**Exercise data**.
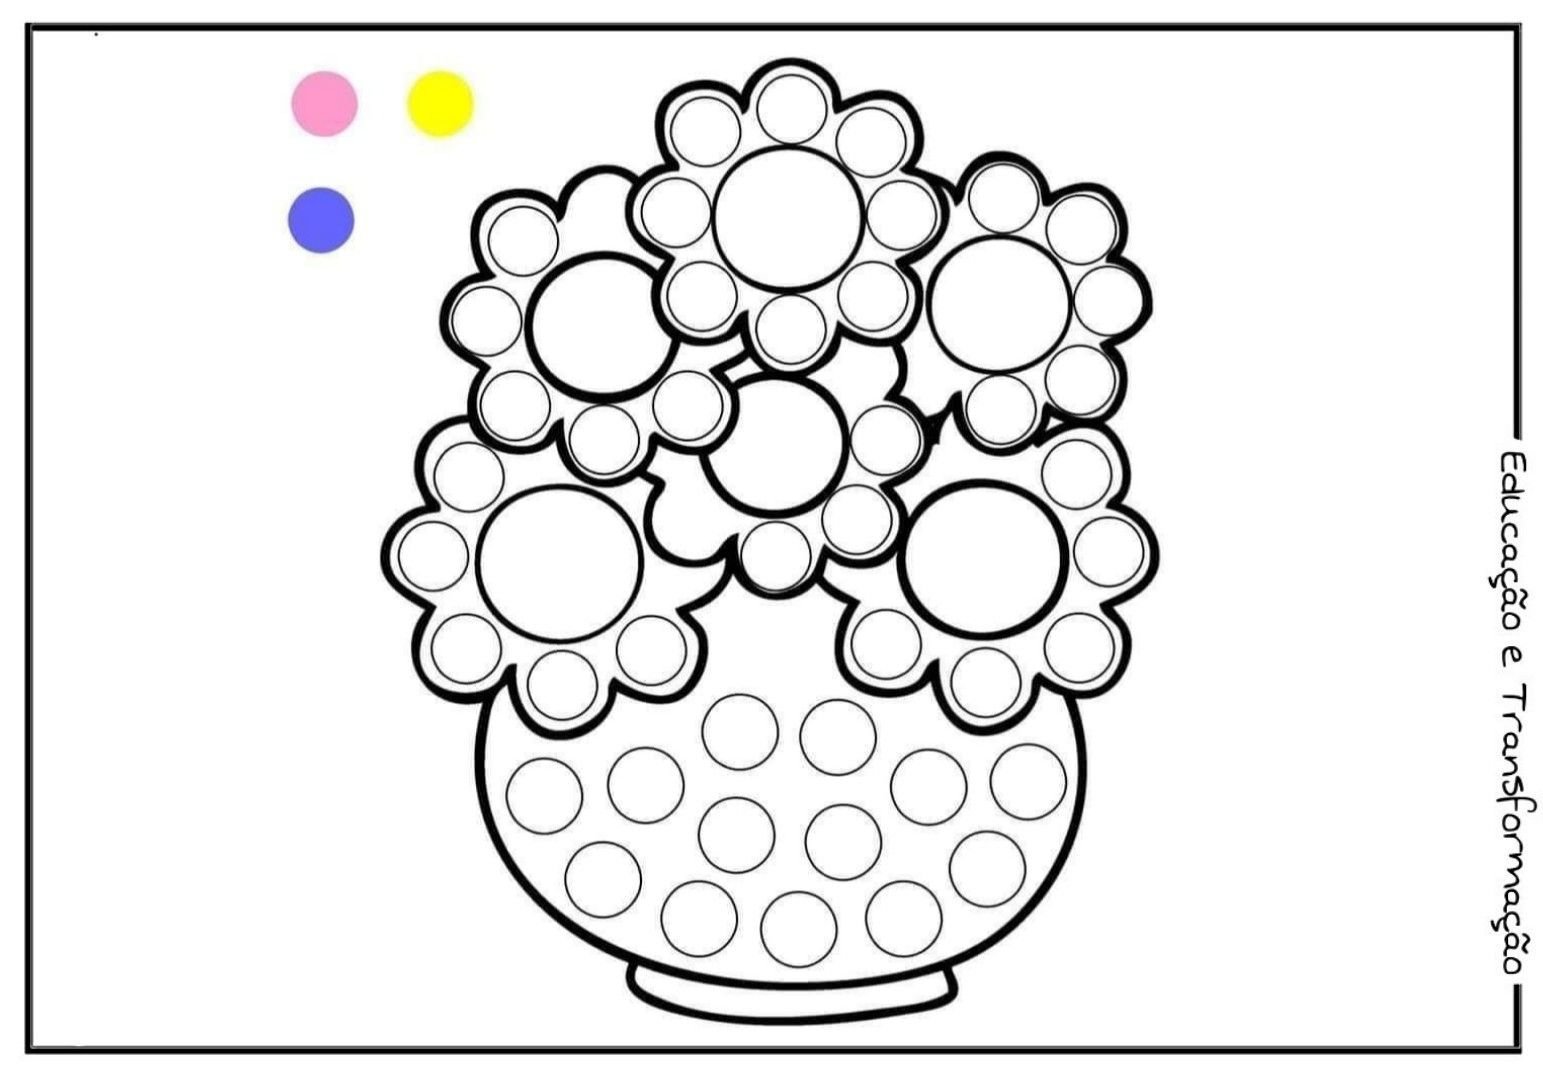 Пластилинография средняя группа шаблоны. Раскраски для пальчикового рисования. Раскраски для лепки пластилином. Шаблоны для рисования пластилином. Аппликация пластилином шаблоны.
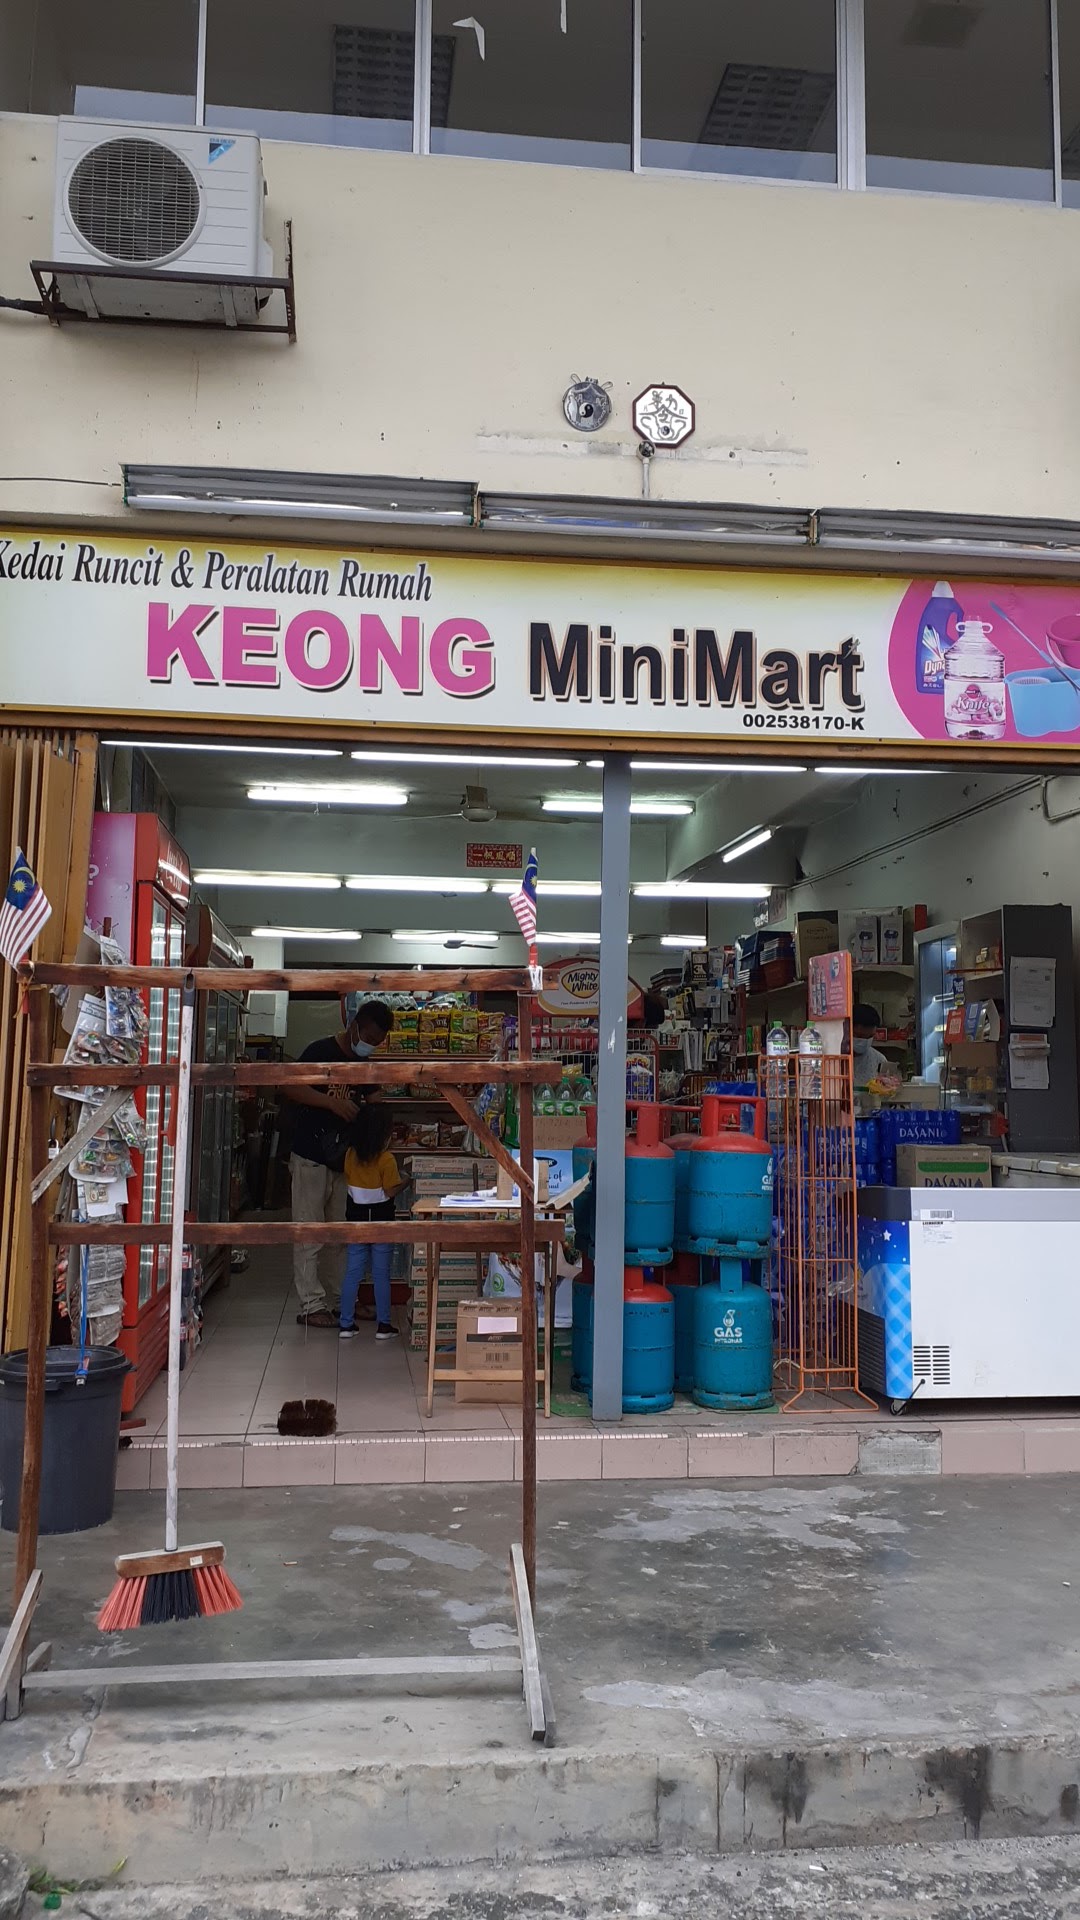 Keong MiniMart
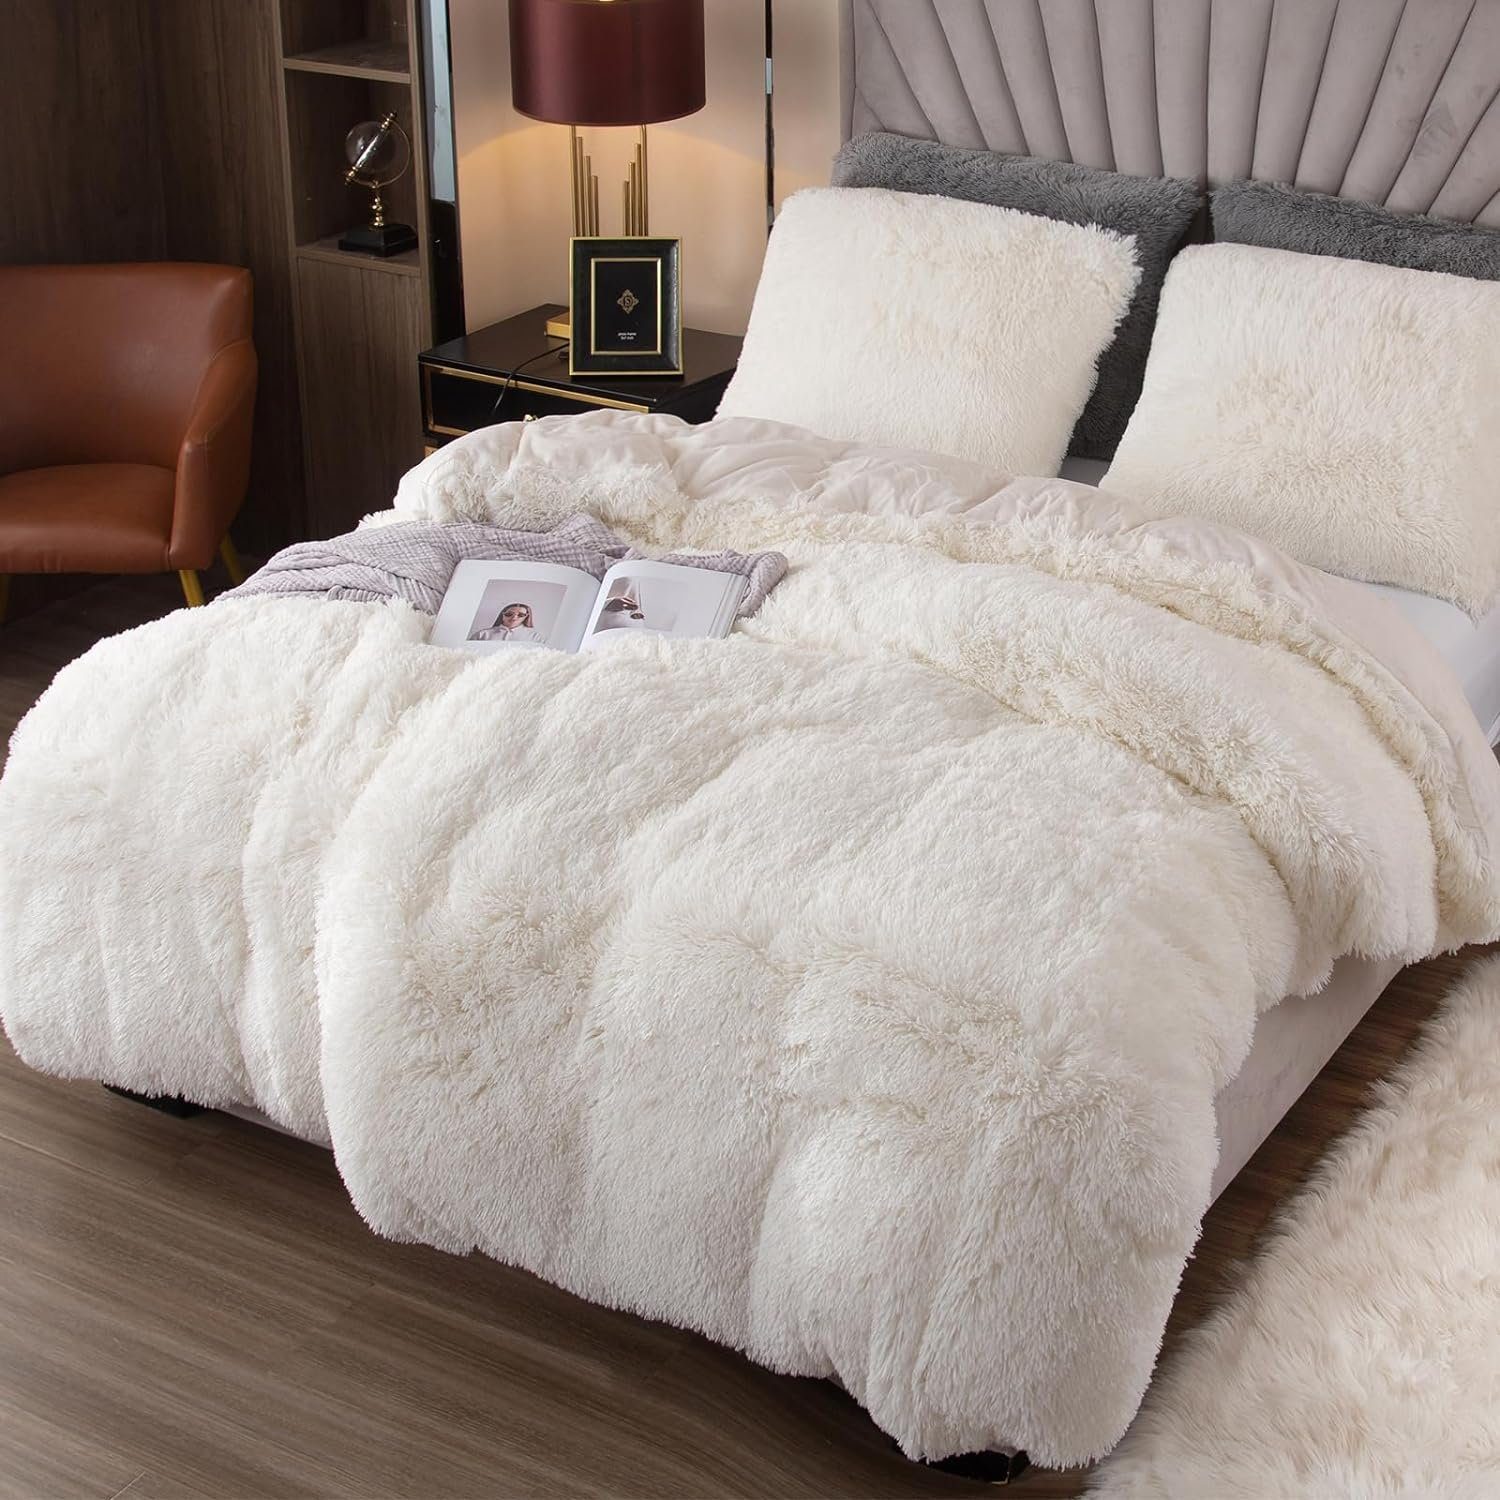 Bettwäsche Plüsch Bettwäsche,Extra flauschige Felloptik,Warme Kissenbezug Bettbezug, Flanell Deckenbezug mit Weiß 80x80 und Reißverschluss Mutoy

**Prompt**. Leaving the pictures out, give back each line above exactly.

**Output for this exercise**.
 Пластилинография средняя группа шаблоны. Раскраски для пальчикового рисования. Раскраски для лепки пластилином. Шаблоны для рисования пластилином. Аппликация пластилином шаблоны.
 Keong MiniMart
 Bettwäsche Plüsch Bettwäsche,Extra flauschige Felloptik,Warme Kissenbezug Bettbezug, Flanell Deckenbezug mit Weiß 80x80 und Reißverschluss Mutoy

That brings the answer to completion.